◆ Raw data:
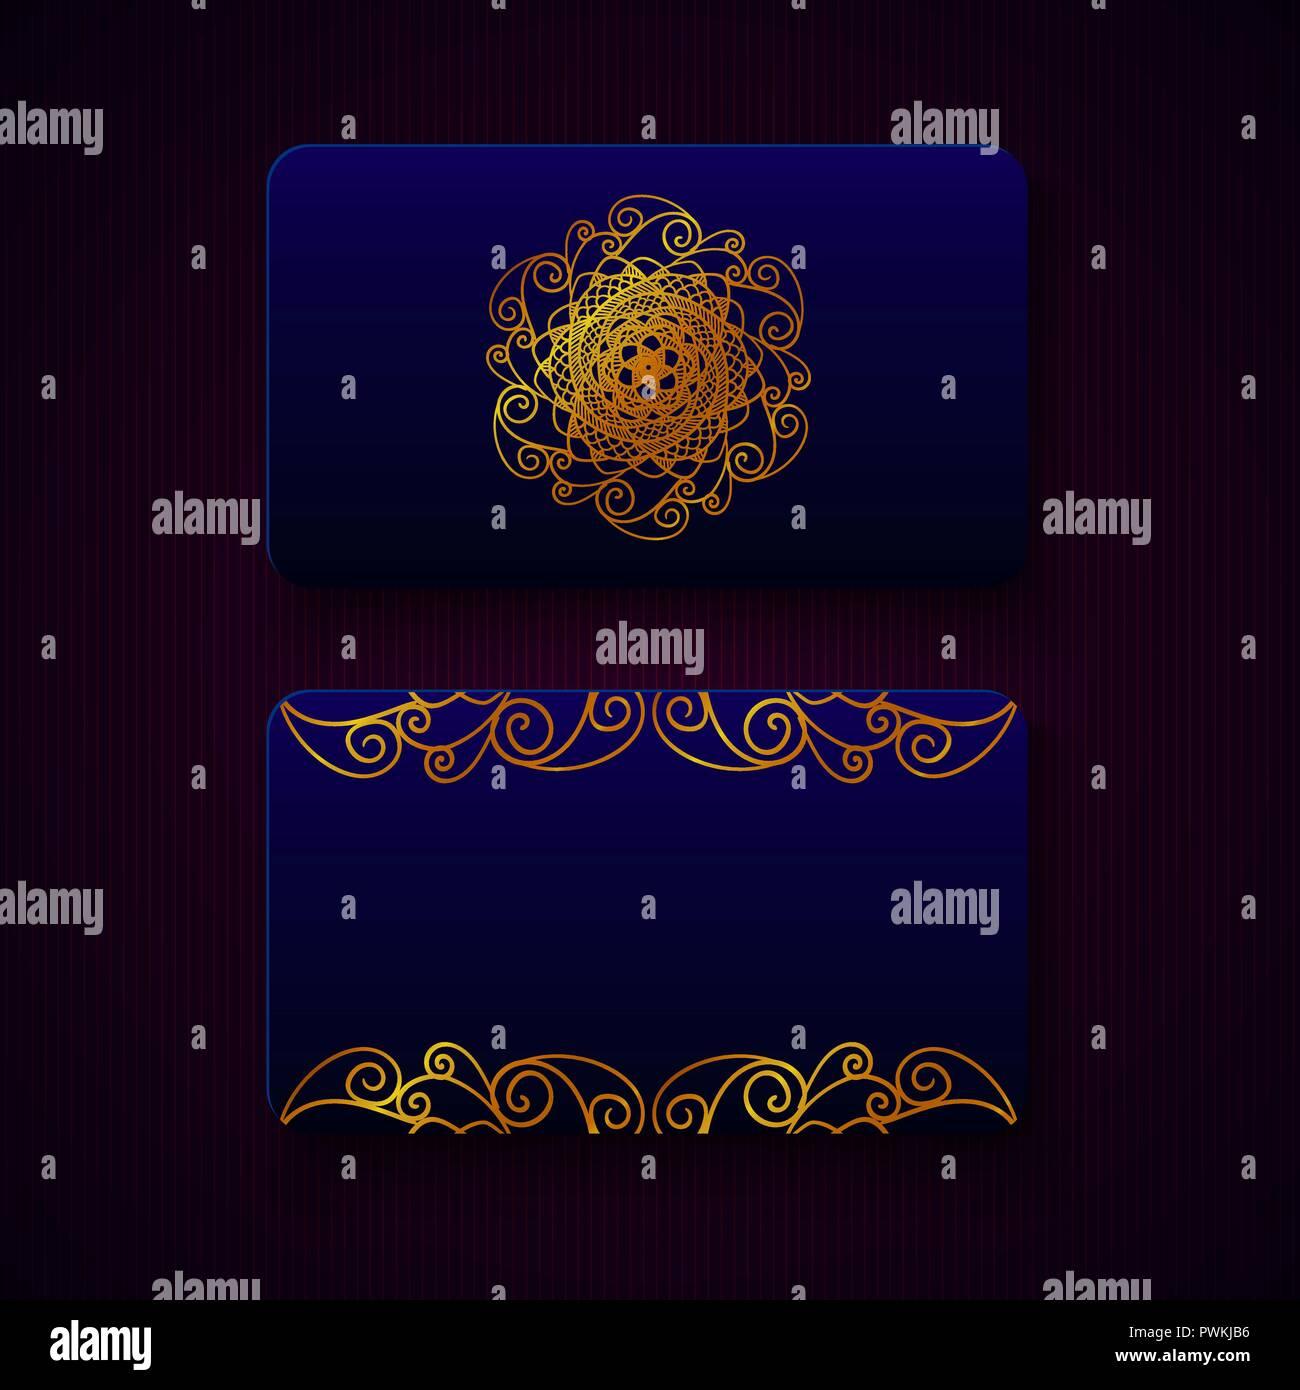 Cartes De Visite Luxe Dans Des Modles Couleur Bleu Nuit Avec Dcorations Dores Sur Fond Sombre Cadeau VIP
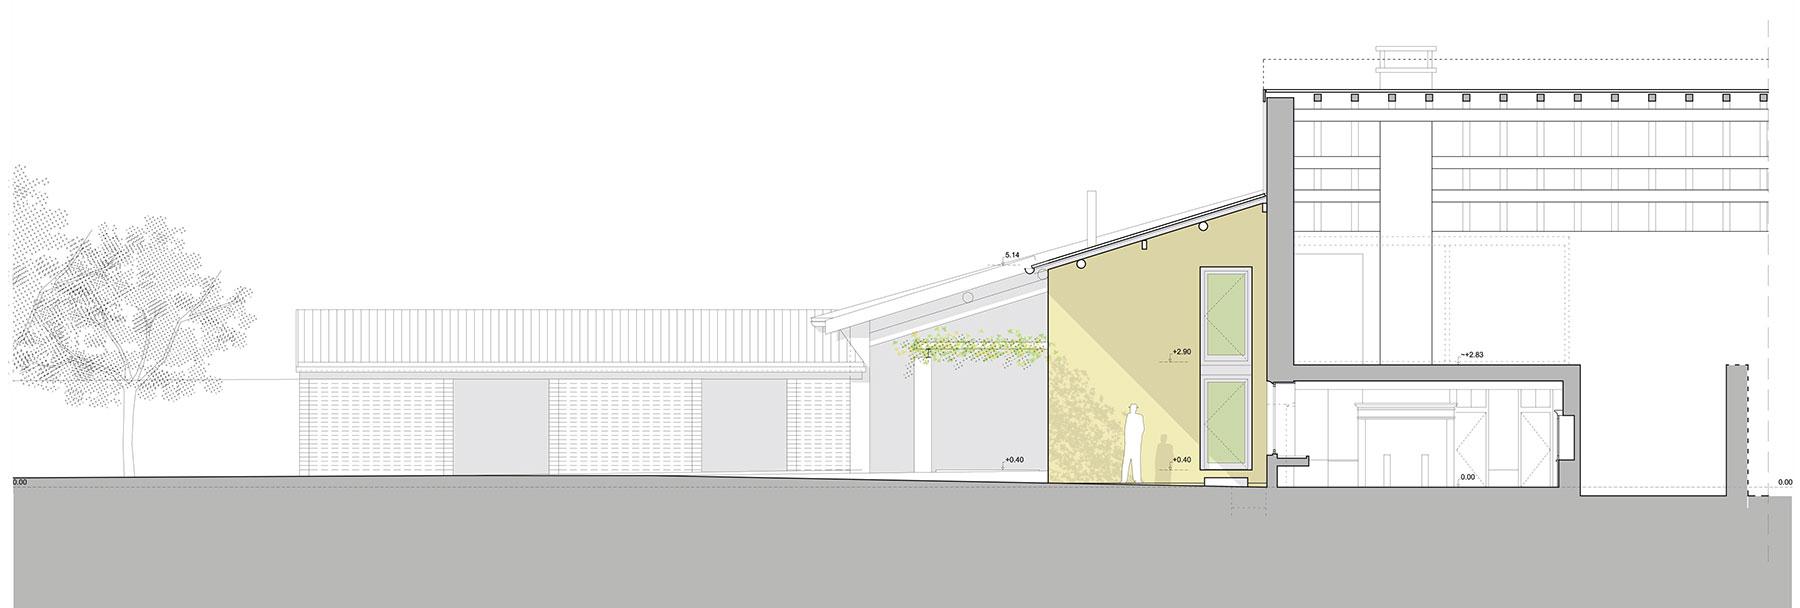 07-facade-cour-100
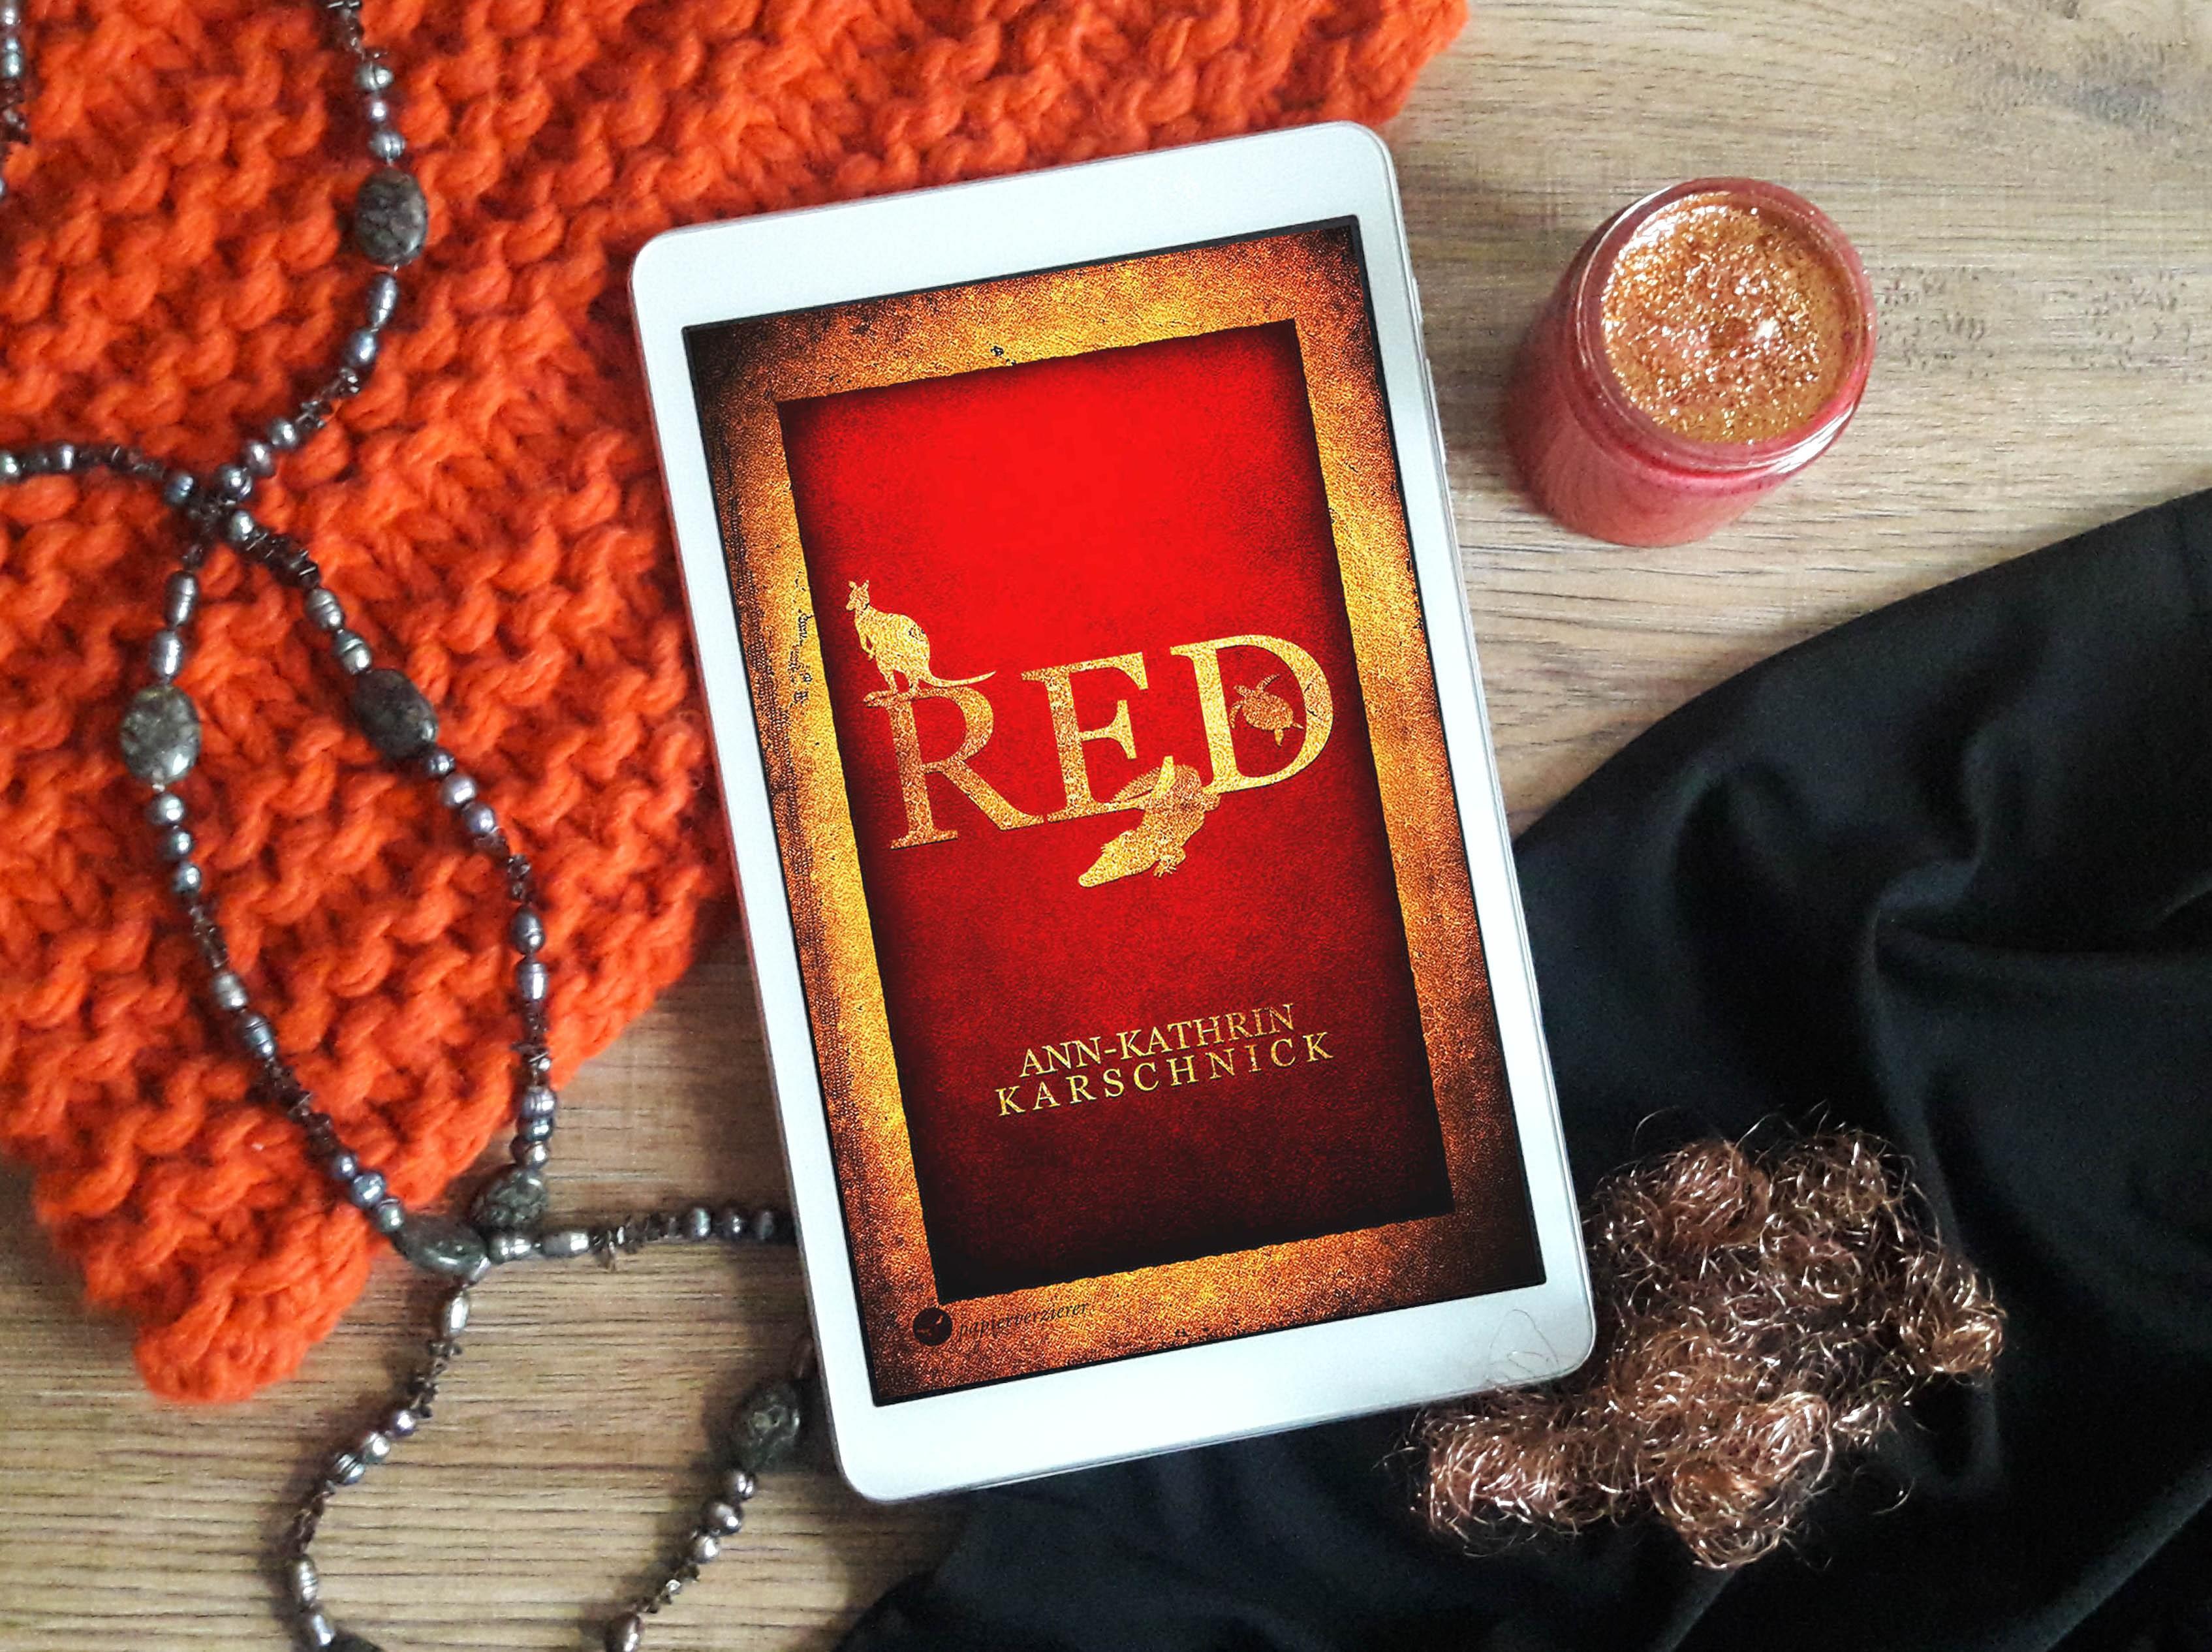 RED – Ann-Kathrin Karschnick graphic

◆ To do: From the line containing "07-facade-cour-100" down to the end of the data above, reproduce each line exactly; no pictures.

◆ Your solution:
 07-facade-cour-100
 RED – Ann-Kathrin Karschnick graphic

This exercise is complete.